Литературные портреты: Искусство предвидеть будущее | страница 83
И в самом деле, в лицее Шатору, ныне носящем его имя, он был первым учеником. Был не только круглым отличником благодаря знанию классиков – он выделялся и характером, гордостью, независимым умом. «Я был почтителен без покорности, усерден без рвения. У меня был крупный, четкий почерк, тетради с двойными полями». Учителя его уважали. Он же был обязан им «свободной жизнью, не знающей границ душой. Благодаря им при виде горбуна я вспоминал Терсита[185], при виде сморщенной старухи – Гекубу[186]. Я знал слишком многих героев, для меня не могло существовать других красоты и уродства, кроме героических… Я верил – и сейчас верю – в ивы, арфы и лавры. Я, как и все мои одноклассники, доверял гению… Провинция презирает все, что не выходит за рамки таланта. Но мы знали наизусть все стихи, все великолепные ответы».

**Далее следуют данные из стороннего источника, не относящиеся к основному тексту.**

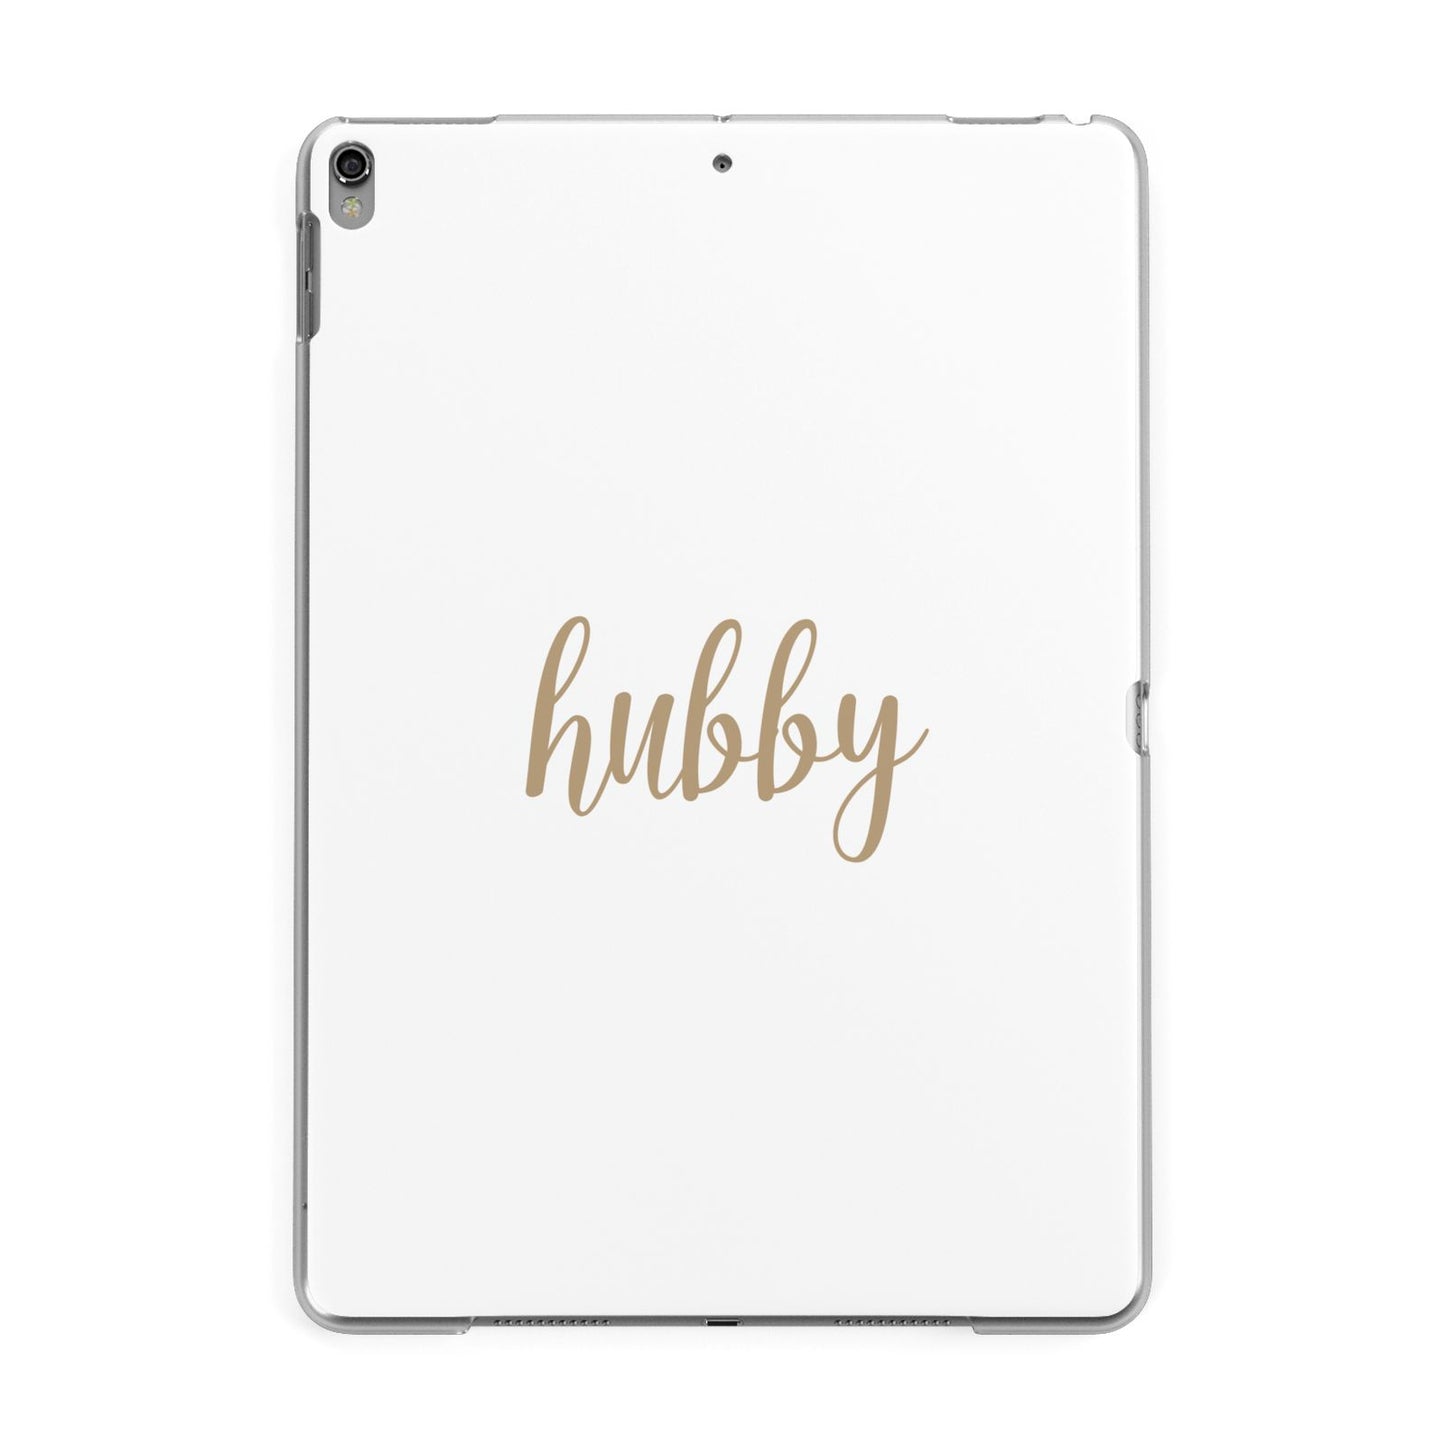 Hubby Apple iPad Grey Case

Став писателем, он не утратит благородного школярства. За поворотом каждой из его фраз искушенный читатель уловит намек на какую-нибудь известную цитату и разглядит быстро промелькнувшую на огромной высоте тень великого человека. В «Эльпеноре» он будет подражать Гомеру, переделав его по-своему. Он всегда с удовольствием будет говорить о писателях, которыми восхищается: Расине, Нервале, Лафонтене. Он был не только первым учеником по французскому, греческому и латинскому языкам и истории, он был первым и в беге. Совершенный юноша должен быть совершенен телом и душой. С равной легкостью он преодолевал барьеры во время бега с препятствиями на сто десять метров и сдавал экзамены. По приглашению директора парижского лицея он в 1900 году впервые приехал в Париж. В выпускном классе лицея Лаканаля он слушал лекции Шарля Андлера[187], переводчика и комментатора Ницше, прекрасного преподавателя, пробудившего в нем интерес к немецкой литературе (к «Зигфриду», «Ундине»), затем поступил в Эколь Нормаль. Он полюбил Париж, являющийся центром притяжения всей провинциальной Франции.
Вот «Молитва на Эйфелевой башне»: «У меня перед глазами пять тысяч гектаров мира, на которых более всего было помыслено, более всего сказано, более всего написано. Самый свободный, самый утонченный и самый нелицемерный перекресток планеты… Вот гектар, на котором приобрели больше всего морщин у глаз, всматриваясь в полотна Ватто. Вот гектар, на котором чаще всего выступали венозные узлы у тех, кто бегом относил на почту посылки с книгами Корнеля, Расина и Гюго… Вот квадратный дециметр, на который в день смерти Мольера пролилась его кровь». В этих строках, как и в сотнях других строк Жироду, сквозит огромная гордость, почти физически ощутимая любовь к Франции, к ее литературе и искусству. Эта любовь у Жироду не имела ничего общего со злобным шовинизмом (Кто и когда лучше говорил о великих немцах? О великих американцах? Кто более сурово обличал длинные ура-патриотические и воинственные речи Ребандара?), эта любовь напоминала простодушную радость девушки, которой повезло родиться красивой. Какое счастье принадлежать Франции – и быть французом – и быть Жироду!